Thankful for Chocolate-Covered Joe's O's

Just a little humor for this gloomy, rainy Friday before Thanksgiving week. 

Baby K is almost 14 months now and seems less like an infant and more like a little boy.  He just started walking last week, just in time for his transition to the toddler room at daycare.  I kind of felt like crying on Thursday (his last day in the infant room) because he's no longer an "infant."  I guess my transition did not go as smoothly as his since he seemed to take to the new teachers and room like he always belonged there.  I hope Baby K does not inherit my tendency to have a hard time moving on.  I just get so attached to people and to the way things are.  When the situation changes, I feel a lot of emotion.  I mean, the logical side of me knows I'm not saying goodbye forever (the toddler room is next to the infant room.  you can hear the babies faintly when they're crying on either side) but the emotional side of me is a little sad that Baby K is growing up so fast and a little fearful that we're not enjoying him enough or savoring the moment enough.  Obviously as I write this, it sounds ridiculous.  His development is exciting.  I wanted him to start walking relatively soon so that he would be able to keep up with his peers in the toddler room.  I didn't want him to get trampled on or miss out on any activities (although, rest assured, I was told that my fears would not happen.).  Now he's walking and I'm a little sad that it's happening so quickly.  Geez!  If only I could only make up my mind!  In my head, I think I'm good at change but the reality is that I'm really not so good at it.  But, I am not afraid of change; I have the willpower to do what needs to be done.  I'll cry about it, snap at the hubs (which I know is not fair to him), but in the end, I will get it done and I will survive.  I do hope Baby K gets willpower from me. 

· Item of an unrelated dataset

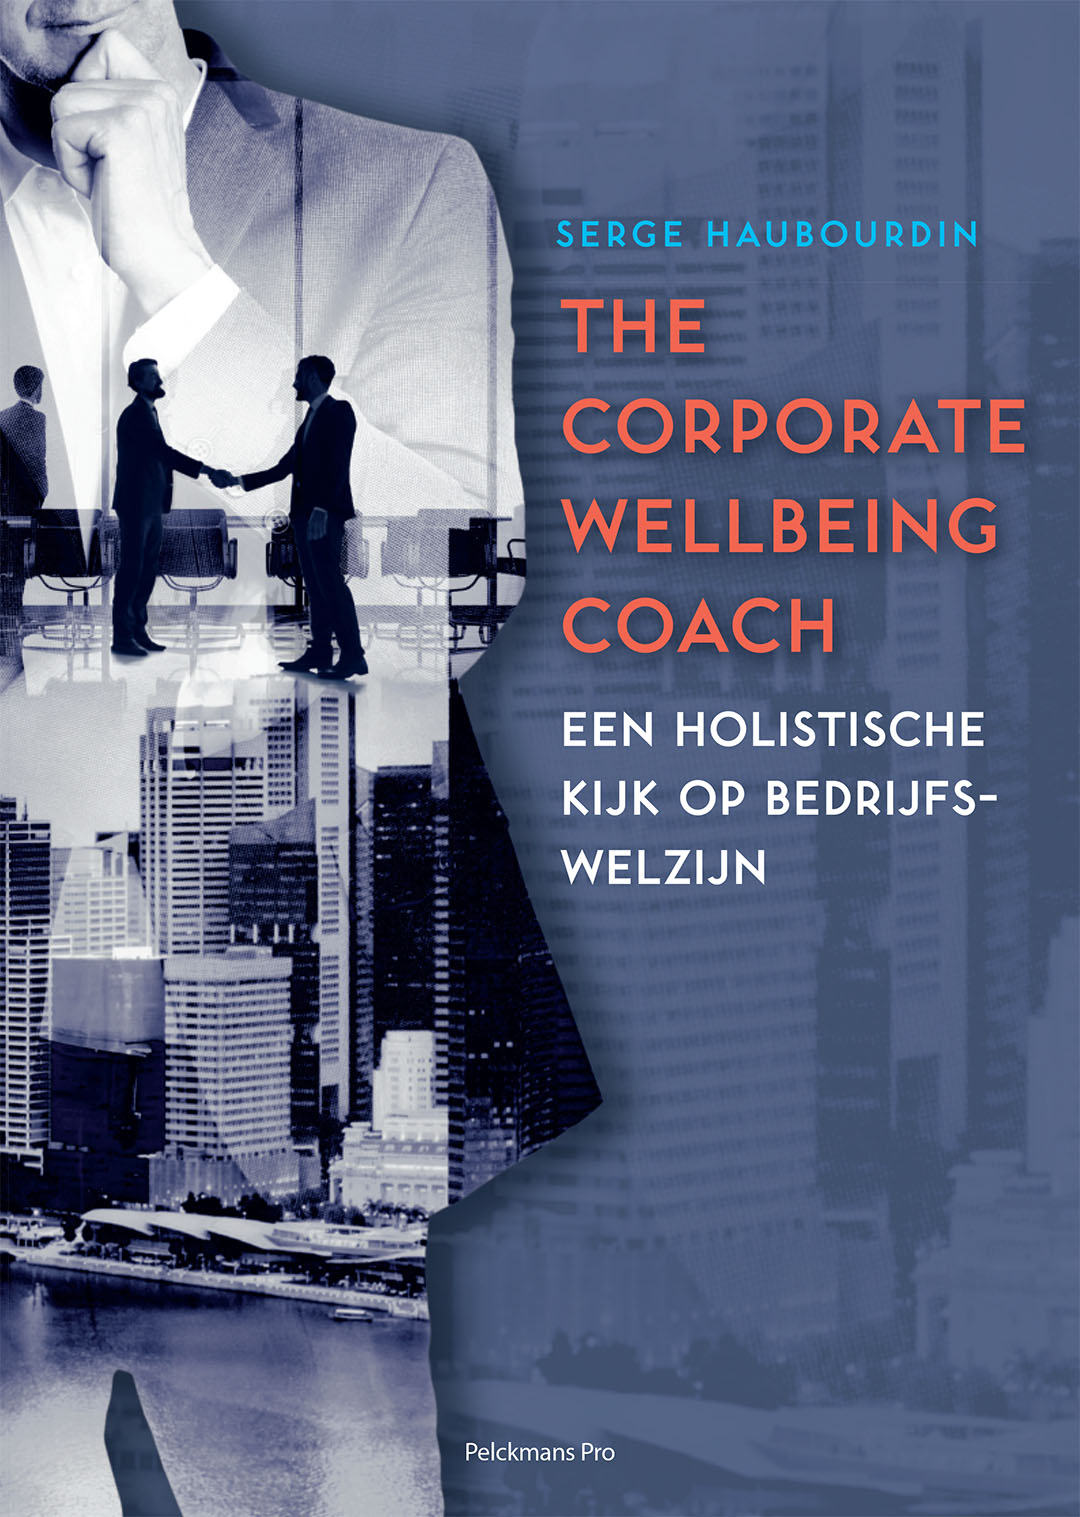 525575_047 Haubourdin_The Corporate Wellbeing Coach.indd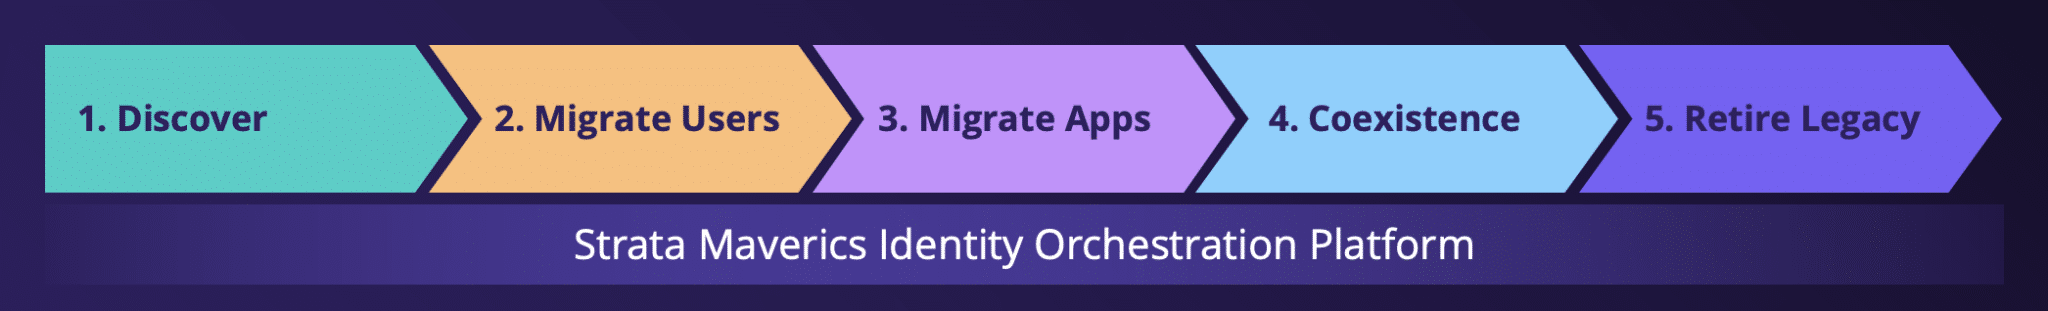 Illustration of 5 step app migration process

The good things about the toddler room is that I no longer need to provide food for him.  His last month in the infant room consisted of me cooking and packing 6 4-ounce containers of nutritious food (sometimes, I'd include a banana) the night before, packing the cooler in the morning, lugging it into the city with my gigantic purse, and 20-pound baby, and then depositing it into the fridge at daycare.  At the end of the day, I'd have to pack up the 6 empty 4-ounce containers along with his clothes from the morning (that were covered in baby food), bring them home, soak them in a tub of soapy, hot water for an hour, then scrub them, dry them, and repack his food for the next day.  Repeat Monday-Thursday (and Friday, if I went into the office instead of working from home).  Man oh man, I am glad that I don't have to that.  The Kitchen Manager makes such good food for the older children; I wish I had someone cooking me two meals and two snacks. 

Baby K's day is much more structured now.  But it's a relatively loose routine since they are all still so young.  The teachers seem nice and friendly and most important, good with the babies.  It'll be a good move for Baby K and me.  I'll miss the infant room though.  They made him a portfolio of his 9 months in the room and it was so sweet and cute, plus a CD of all the photos and videos they've taken of him.  It reaffirms my decision that putting him in this center was the right one. 

Do I have any advice for moms out there for the transition from infant to toddler?  Keep your camera trained on your baby waiting for those first steps.  But don't stress, every baby truly is different.  Baby K took his first steps at almost 14 months.  Two 11 month old babies have already started walking in the infant room.  Babies who develop fast in one area are slow in others; it's nothing to worry about.